Dear colleague,
Pancreatitis is unusual under dasatinib. However, if there are not other contributing causes, I would think that the drug is clearly the trigger of this complication. Since there has been acute pancreatitis, and not just lipase or amylase increase, I would not rechallenge the patient with dasatinib. I would not try Nilotinib either, given the strong association of this drug with pancreatic abnormalities. Ponatinib is not available but if available it would be other TKI to avoid in case of pancreatitis. Therefore, after the resolution of the pancreatitis I would try imatinib. Bosutinib would be my second choice.
Francisco Cervantes
(case repeated here for reader reference)

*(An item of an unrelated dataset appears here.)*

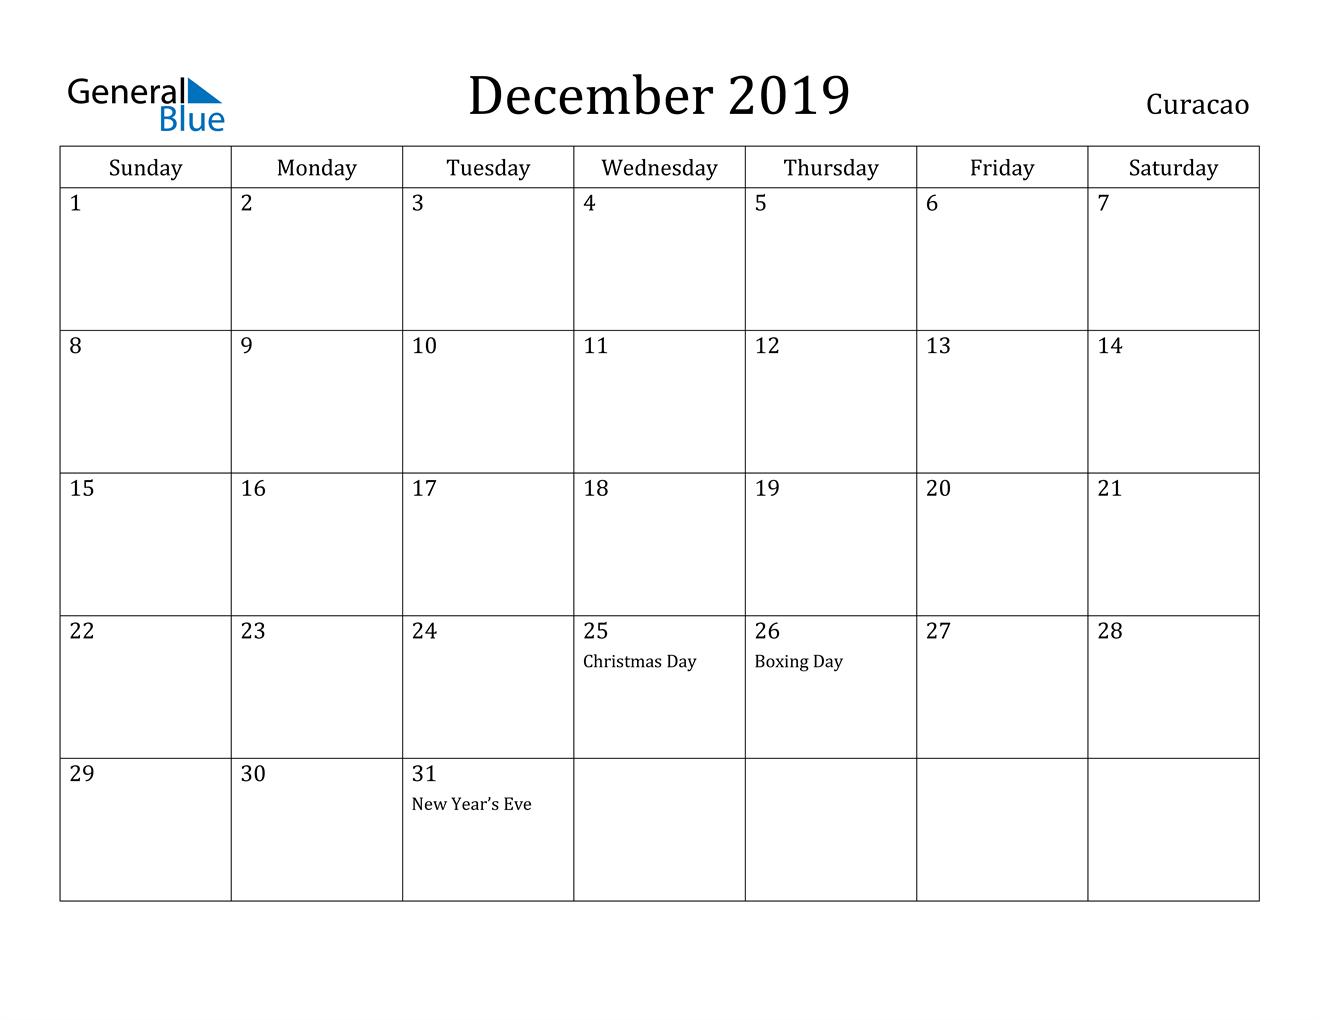 Image of December 2019 Curacao Calendar with Holidays Calendar

I have a 52 y.o. male with newly dxed CML. A little over 1 wk. after starting Sprycel 100 mg qday his WBC is dropping nicely, but he has developed abdominal pain with a lipase of approx 7500 and an amylase of nearly 1000. A CT scan of abd/pelvis is c/w acute pancreatitis. There are no prior known risk factors for this complication, though a GI physician is being consulted. I am holding Sprycel pending rcovery from the pancreatitis, but any thoughts regarding rechallenging the pt. with the same dose vs. lowering the dose vs. substituting a different TKI?
Many thanks!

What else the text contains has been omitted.